Sasser commanded strong respect within the outdoor industry across Texas and beyond. This became readily apparent as word of his death spread among friends, peers and acquaintances via social media and e-mail.
Dr. James Kroll, professor emeritus for Forest Wildlife Management and Director of the Institute for White-tailed Deer Management and Research at SFA made a Facebook post holding Sasser personally responsible for his “Dr. Deer” nickname.
“We had so many fine days afield, and I shall miss him!” Kroll wrote. “He was a scholar and a wordsmith. He once wrote an article about a bird hunt we had that opened with this phrase: “The German shorthair was locked tighter than the lug nuts on a junkyard Chevrolet!” The world will never again enjoy such prose.”

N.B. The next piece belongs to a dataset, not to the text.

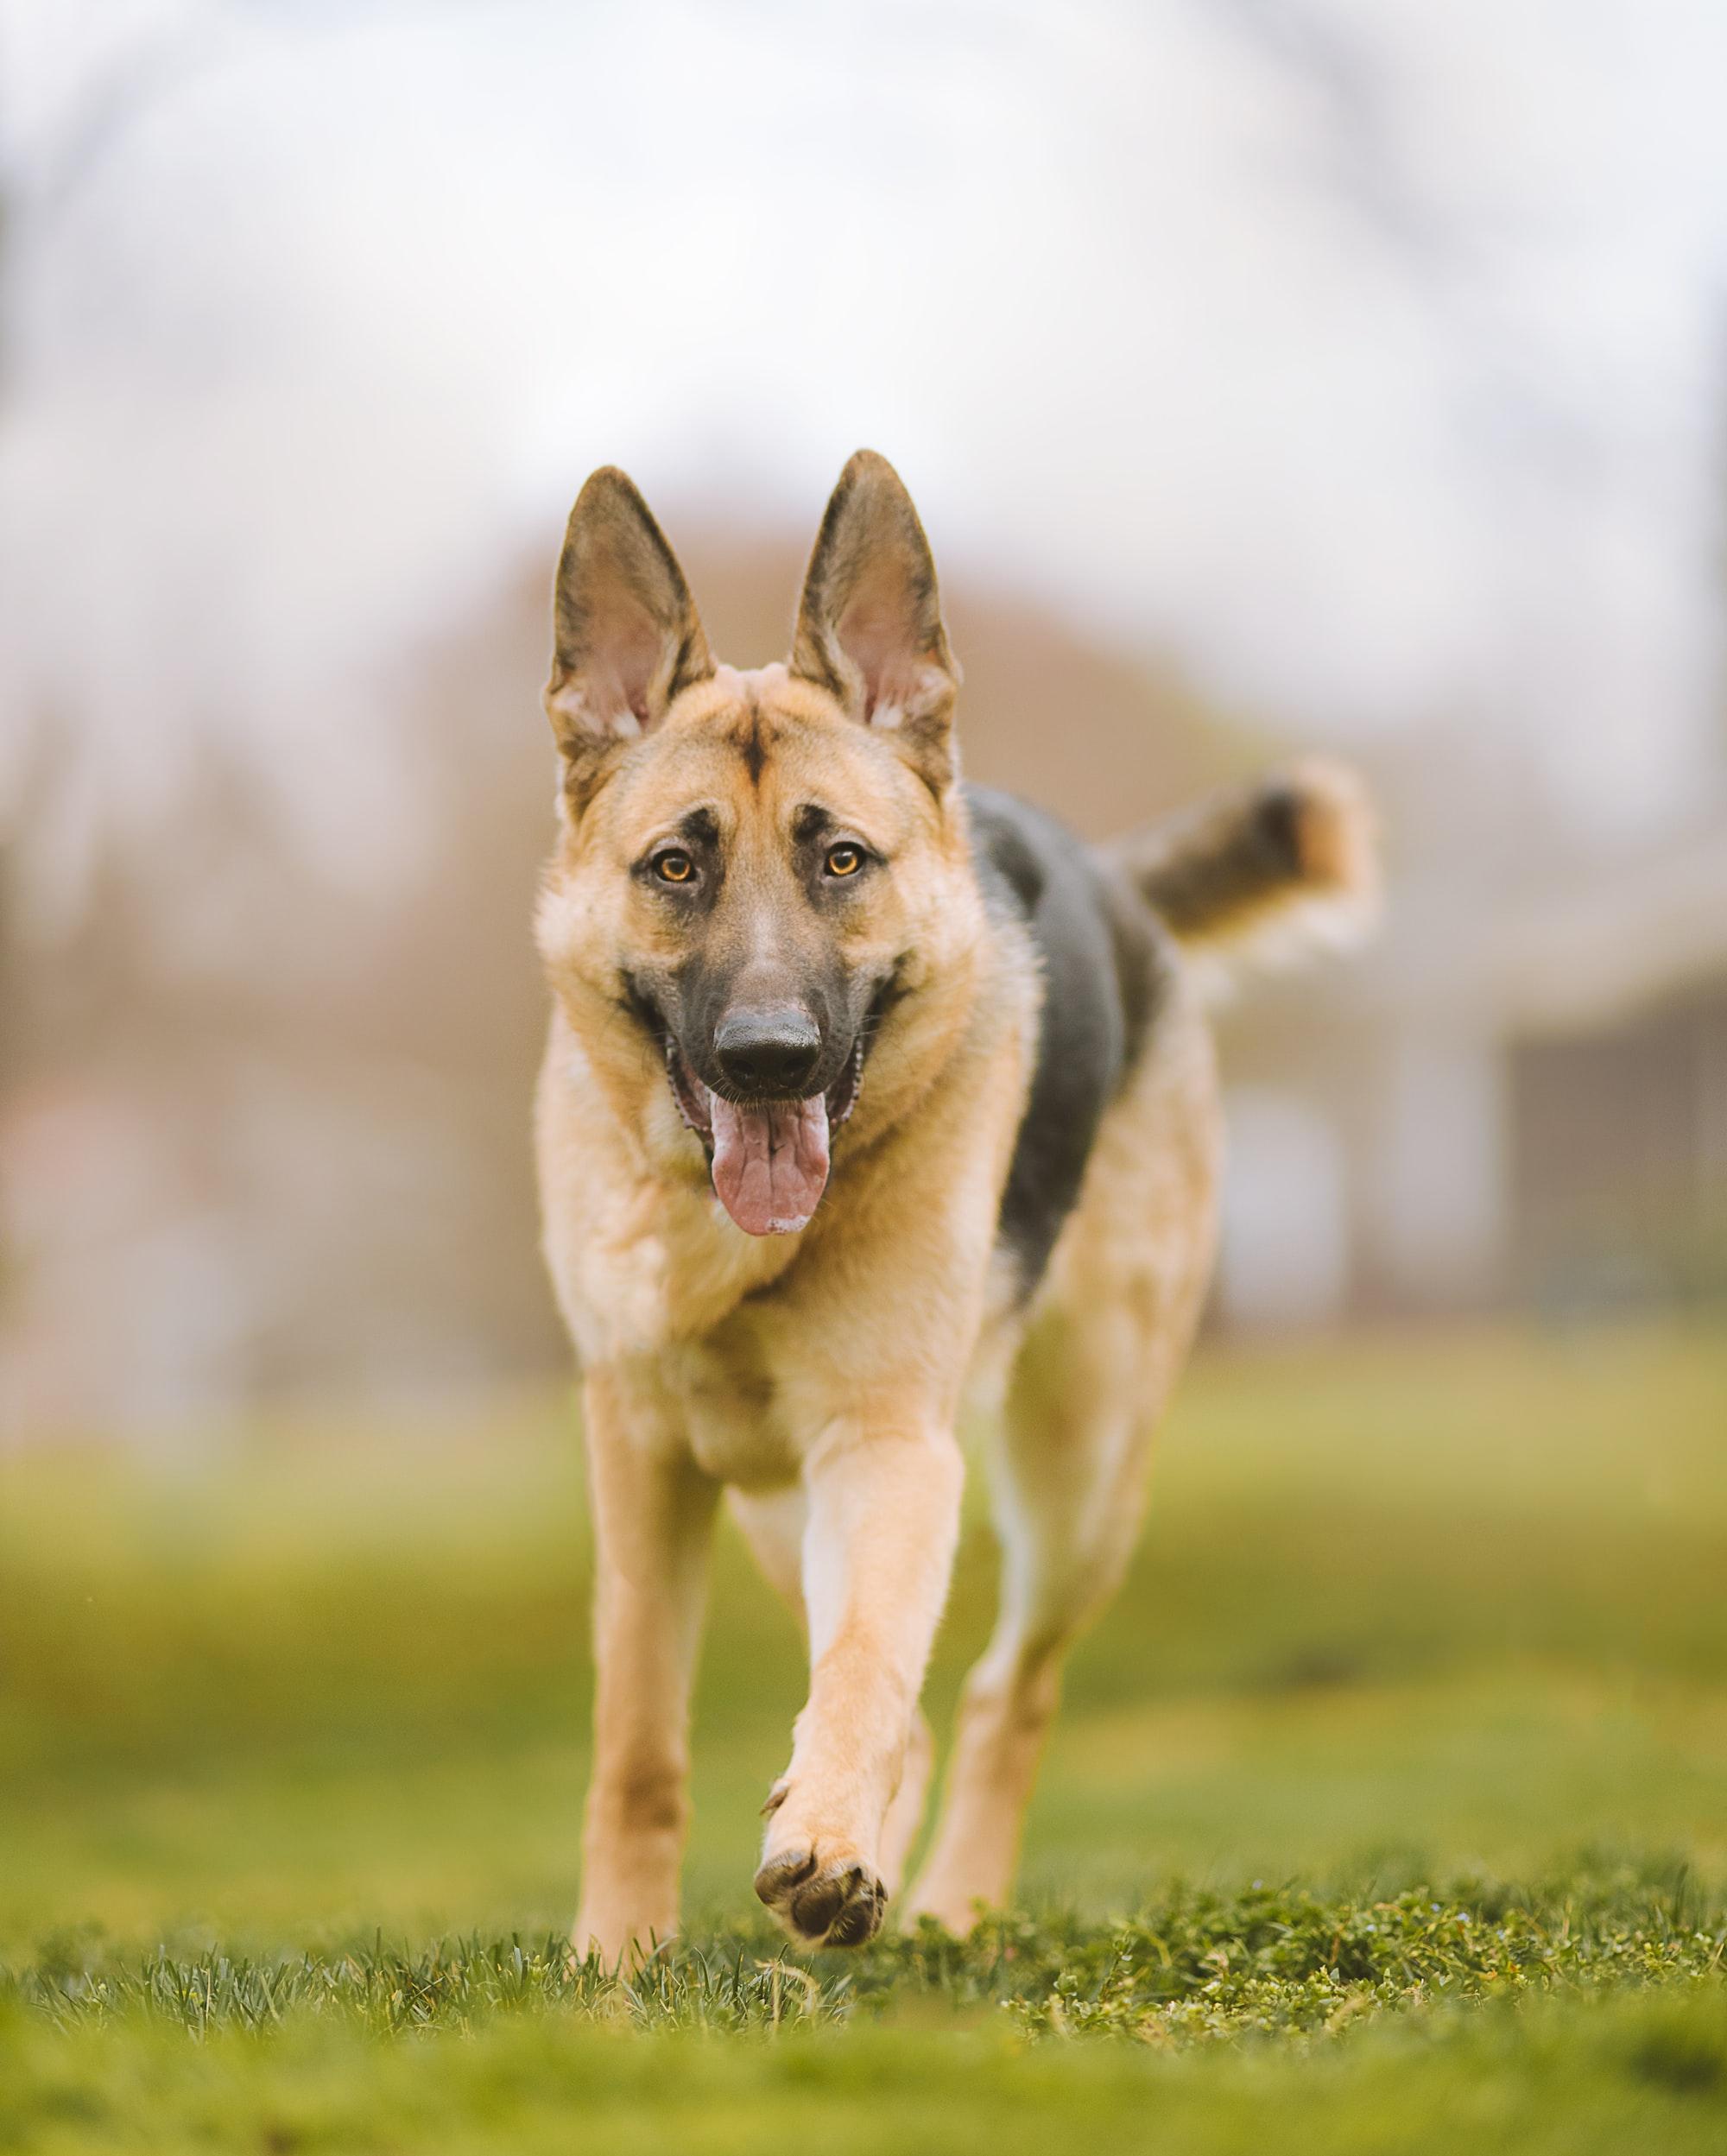 A German Shepherd runs towards the camera.

Dr. Dale Rollins, executive director of the Rolling Plains Quail Research Ranch, told about a spectacular quail hunt he and Sasser shared on a Coke County ranch. Rollins’ dogs pointed 28 different coveys of bobwhites in 3 1/2 hours that day. Sasser jokingly gave the hunt a 198 on a Boone and Crockett scale.

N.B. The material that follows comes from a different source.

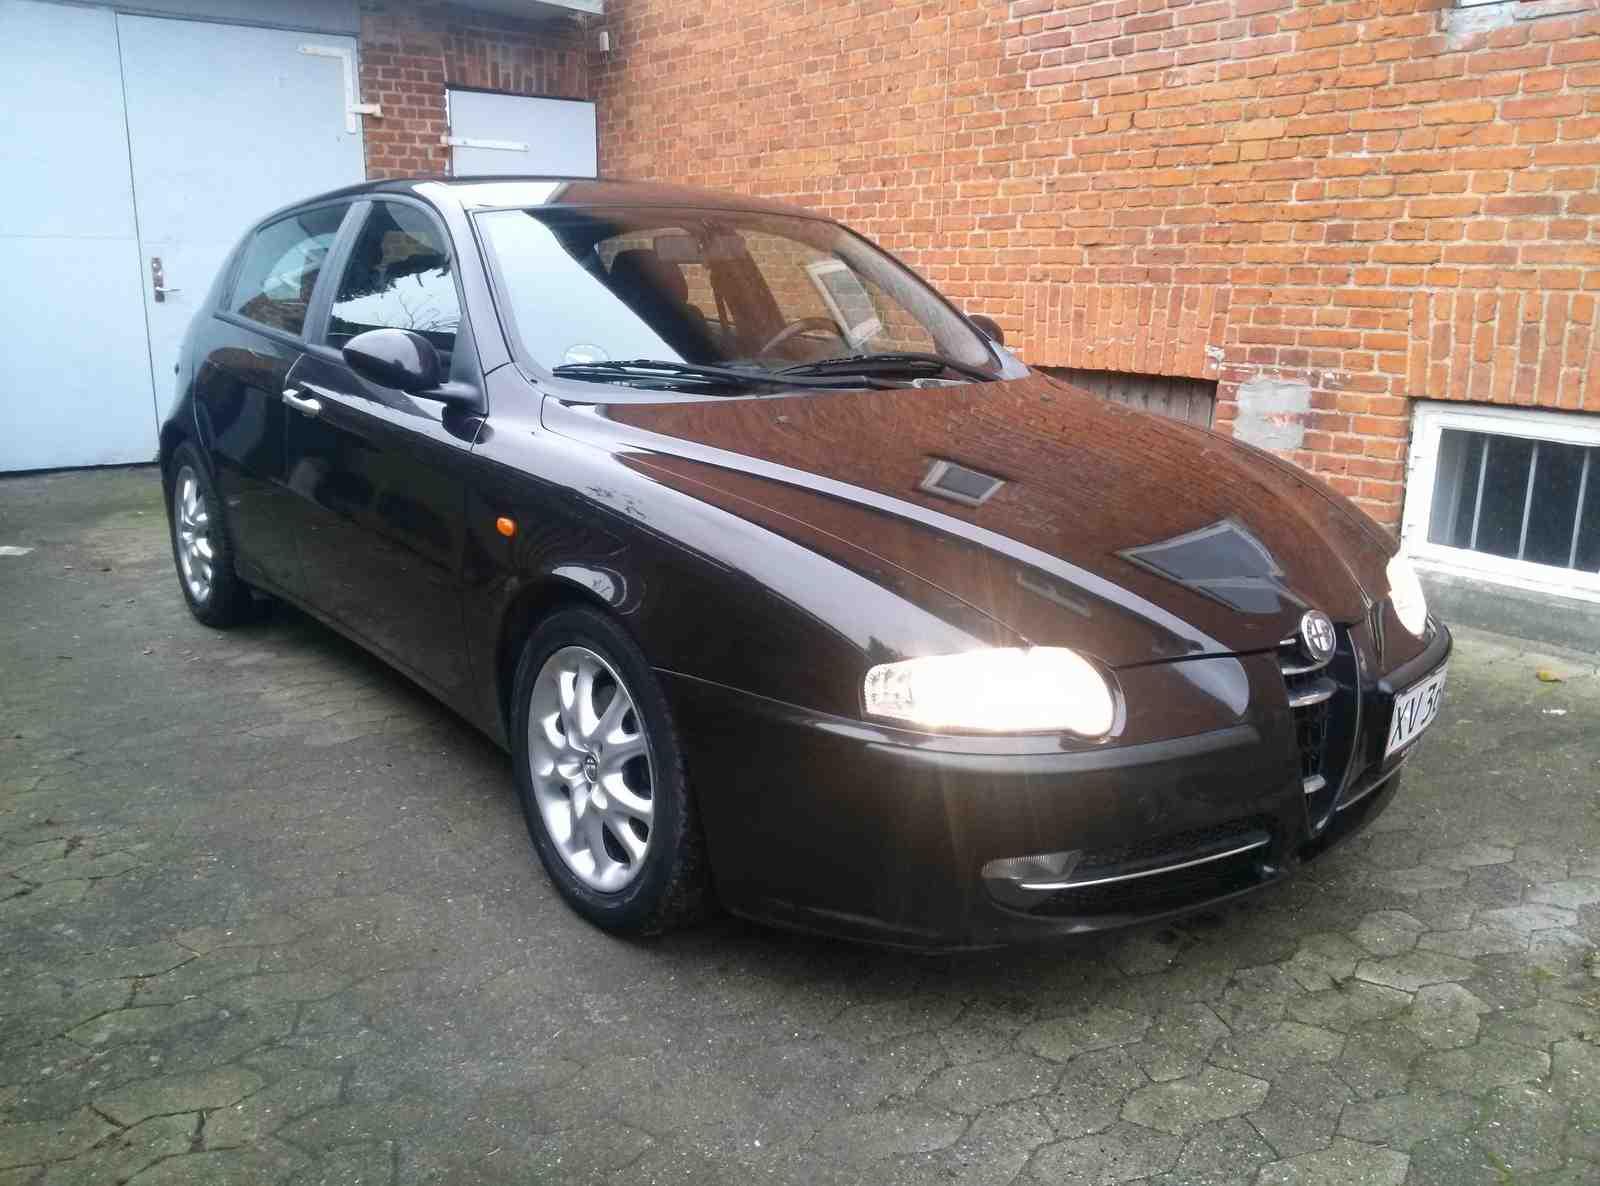 Alfa Romeo 147 2010 - Comprar ou Vender | KBB.pt

“Ray has been called the ‘Dean of Outdoor Editors’…and rightfully so,” Rollins said in his Facebook post. “He was also one of the few outdoor writers (in TX anyway) whose passion for quail and quail hunting was omni-evident. Rest in peace, Ray. We in the quail brotherhood will miss your insight and abilities to paint those vivid mental images. Thanks for being our champion to the masses.”
Sasser’s love for the sprightly little game bird led to his being named the recipient of the 2009 Park Cities Quail T. Boone Pickens Lifetime Sportsman Award. Not surprisingly, the wealthy Texas oil tycoon for whom the award is named had nothing but good things to say about his quail-hunting buddy from Meridian.
“Ray Sasser was not just one of the greatest outdoor writers in Texas, he was one of the most respected outdoor writers in the country,” Pickens said. “His success and following were rooted in the fact he didn’t just cover the outdoors, he loved all that it meant to hunters, fishermen and conservation as a whole. To me he was much more than a talented writer who cared about the outdoors, he was a good friend whom I will miss. We should all have such a passion for life and our chosen professions.”
Sasser’s contributions to the fishing world didn’t go unnoticed, either. Texas Parks and Wildlife Department inland fisheries director Craig Bonds called Sasser a “true icon of the Texas Outdoor industry.”
In June 2016, Sasser was inducted to the Texas Freshwater Fishing Hall of Fame in Athens. Sadly, he was in the hospital and couldn’t be present for the ceremony, but his wife and two children, Jenny and Zach, were there on his behalf. His daughter read his acceptance speech.
TPWD put together a six-minute video about Sasser prior his HOF induction. It can be viewed at www.youtube.com/watch?v=6ujALABPmWwwe.
RIP, Sasser. Your eloquent style, words of wisdom and friendship will be dearly missed.